In recent months, the multinational Toyota has raised a number of doubts about the real sustainability of electric cars because, to be defined “zero emissions”, should assess all stages of the product. It would be reckless to aim only for pure electric according to the vice president of the company Shigeki Terashi, who claims the advantage of a “multi-technological approach”.

«We have to be realistic, the ecological transition does not happen in a moment» , says Minister Roberto Cingolani, putting into place the problems, in particular the increase in costs and the limited presence of columns, that would hinder the electrification of cars in Italy.

With the same hypothetical advantages and disadvantages, it would seem that there is no absolute truth. Est modus in rebus? Beyond all relativism, the objectives, unequivocally, remain the same: reduction of pollutants, fight against climate change, improvement of air quality.

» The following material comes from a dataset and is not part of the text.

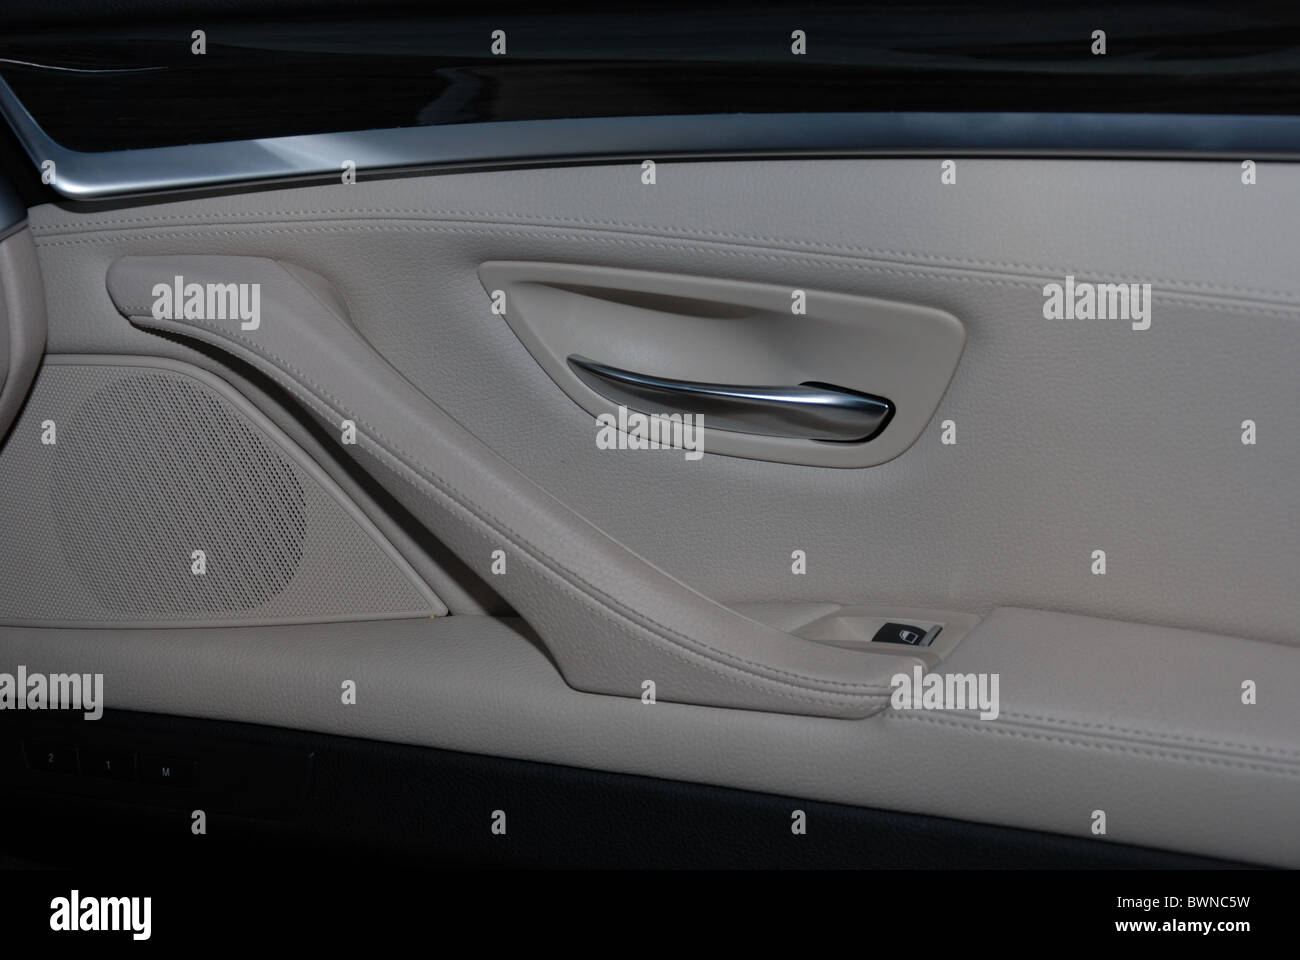 BMW 535i - 2010 - Mon argent métallisé - quatre portes (4D) - L'Allemand Premium berline de classe supérieure, E segment (segment) exécutif - portes Banque D'Images

In conclusion, the European Commission has established that from 2035 it will no longer be possible to register gasoline or diesel cars in order to achieve climate neutrality by 2050, arousing “Bewilderment and strong concern” of ‘Anfia (the National Automotive Industry Association). In Italy we will say goodbye to traditional vehicles by 2040; the Minister of Infrastructure and Sustainable Mobility, Enrico Giovannini, said that the car manufacturers are working on the product offer, on the reduction of battery costs and their disposal and recovery regulations in order to minimize the pollution that could result from them. Synergically, the minister assures, the renewal of the “circulating park”, one of the oldest in Europe, will be promoted and incentives issued to raise awareness of the use of engines that would help to “breathe”, not only the planet, but the community itself.